Only because the close button is obscured.

------
mikerice
This is rich coming from theoutline

------
radarsat1
Article looks great in Firefox's Reader View ;)

------
vfaronov
I’m not sure what the author thinks “the web” is. For me, sites like _Mic_ ,
_Teen Vogue_ , _CNN_ constitute a minor part of “the web”. Their being equated
with “the web” seems like a much more serious problem than their visual design
could ever be. In light of that, it’s interesting to note how the article
frames the problem:

> _Stopping the publication of bad articles is probably too much to ask, but
> must so many websites look awful?_

------
devmunchies
The site looks like a designer "concept" site. Kind of like concept cars or
high-end fashion. But the difference is that those concept cars are never
really created because its impractical.

The site was definitely done by a good designer who knows what good design is,
but its a tad over-the-top for everyday use. It looks good though.

------
OutsmartDan
Best part is the hamburger menu on desktop. Real cool

------
nottorp
The site linked to looks like shit. Don't know about the whole web.

------
anorborg
Seriously?

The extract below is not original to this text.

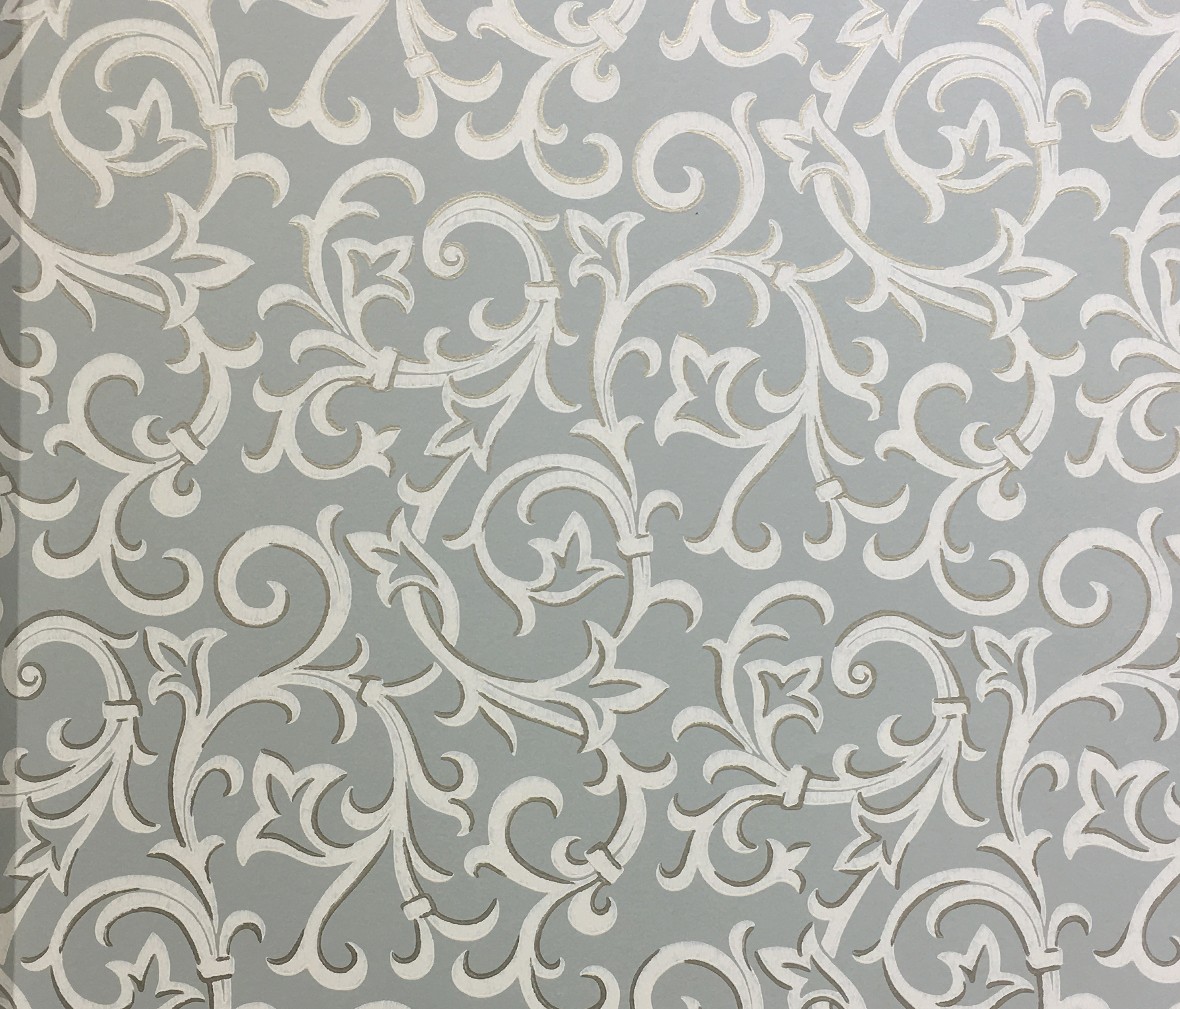 格莱美壁纸 艾文顿系列 1602-103-02型号进口环保无纺布墙纸 细节展示

Pot meet kettle?

------
dfar1
Was there just a massive ad with rollovers on an article complaining about
massive ads?

------
bassman9000
> Using the internet shouldn’t be this hard.

Pg Up/Down don't work (unless you select some text).

ok

------
mcguire
Is this an example?

------
jefffih
yall so mad lol

------
sunnyP
hmmm. I find LINGsCARS easier to read than the site linked.